Gremlin

A browser-native multi-agent coordinator. Spin up a team of AI agents that message each other, call tools, and converge on a result — using any model you choose: local (Ollama, LM Studio, WebLLM) or cloud (OpenAI, Anthropic, Gemini, Groq, OpenRouter, Together, or any OpenAI-compatible endpoint). No server required.

Screenshot of Gremlin: agent sidebar on the left with CEO, Researcher, Analyst, Critic, Writer, Editor, and Chief of Staff; mode tabs across the top; Activity Monitor on the right.

What it is

Gremlin runs a team of AI agents from a browser tab. Each agent has its own system prompt, model, and role. They send messages to each other, call tools (web search, file system, browser), and converge on a result. You watch the whole conversation happen in real time.

The Vite dev server is the runtime — there is no separate backend. The coordinator and UI run locally; inference can run locally (Ollama, LM Studio, WebLLM) or against any cloud provider (OpenAI, Anthropic, Gemini, Groq, OpenRouter, Together, or any OpenAI-compatible endpoint). API keys live in localStorage and only ever reach the provider you point them at.

How it works

A TypeScript coordinator (coordinator.ts) holds the in-memory agent state and routes messages. Each agent returns JSON:

{ "analysis": "My reasoning here", "messages": [ { "to": "critic", "content": "Verify finding #3" } ], "done": false, "result": null }

The coordinator routes each message to its recipient and runs the next agent. When an agent sets done: true with a result, that agent stops. The synthesizer's result is shown to the user.

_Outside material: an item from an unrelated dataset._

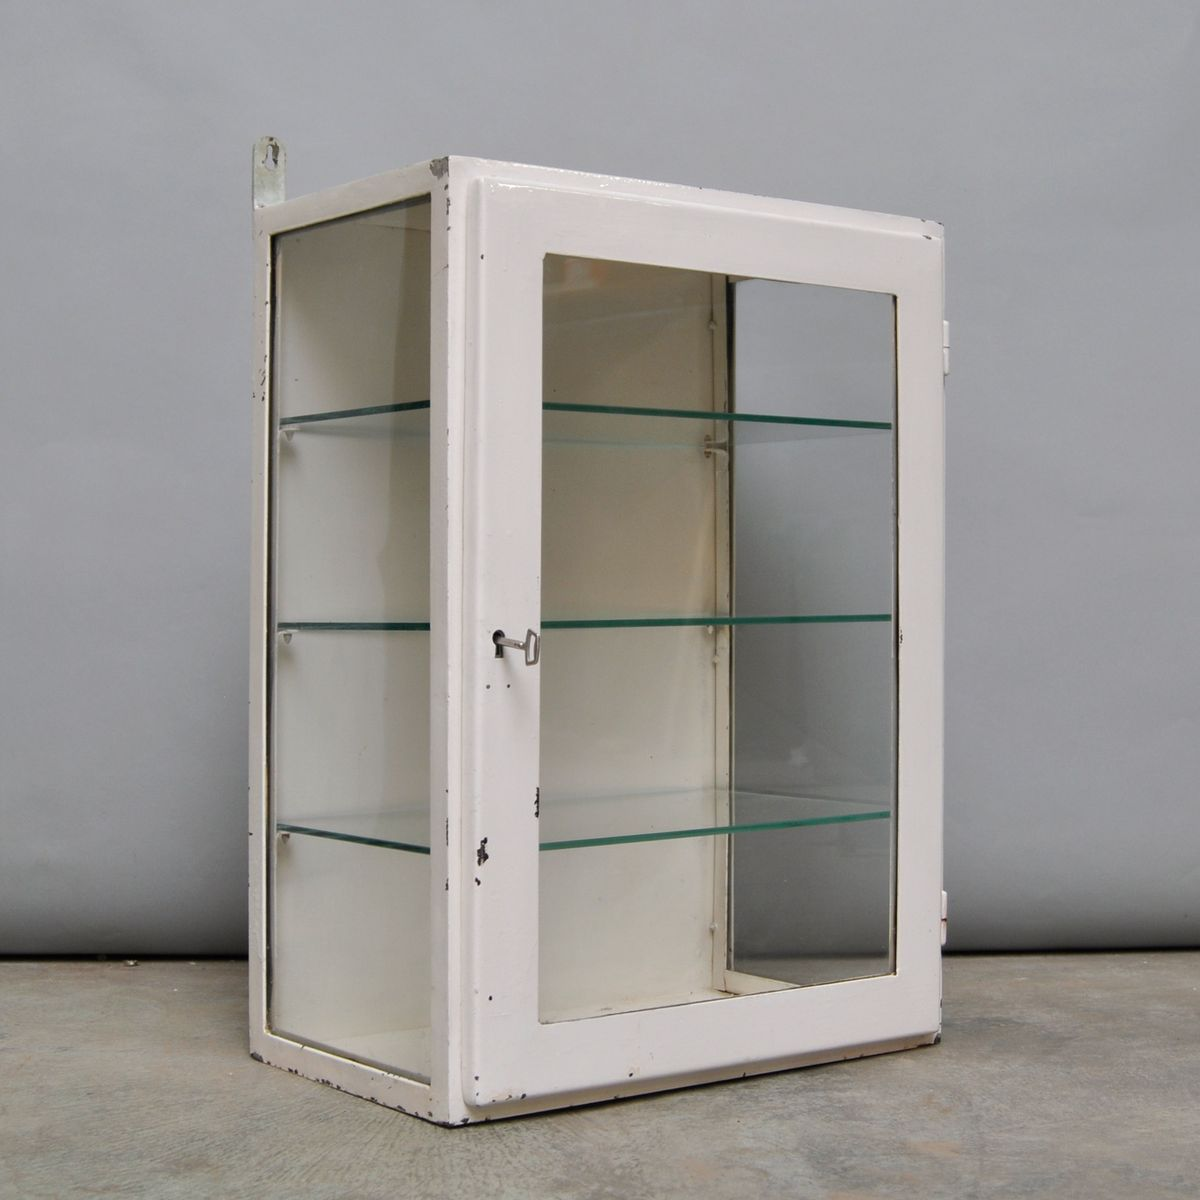 Petit meuble de rangement medical suspendu 1960s en vente - Meuble de rangement suspendu ...

Agents can also call tools via the standard tool-calling API:

Built-in modes

Each mode loads a preset roster of agents. You can edit any agent, save a new mode from your current team, or delete custom modes.

Bring your own model

Gremlin is a coordinator, not a model. Point it at any supported provider and pick a model per agent — mix local and cloud across the same team if you want.

API keys live in localStorage and are sent only to the provider you point them at. Nothing is proxied through Gremlin's servers — there are no Gremlin servers.

Install

Three commands. The dev server is the app — open the URL it prints.

$ git clone https://github.com/aosmith/gremlin.git $ cd gremlin/web $ npm install $ npm run dev # → http://localhost:5173

Requires Node.js 18+. For local inference, install Ollama; Gremlin detects your GPU on first run and recommends per-agent models. For cloud inference, drop an API key into Settings.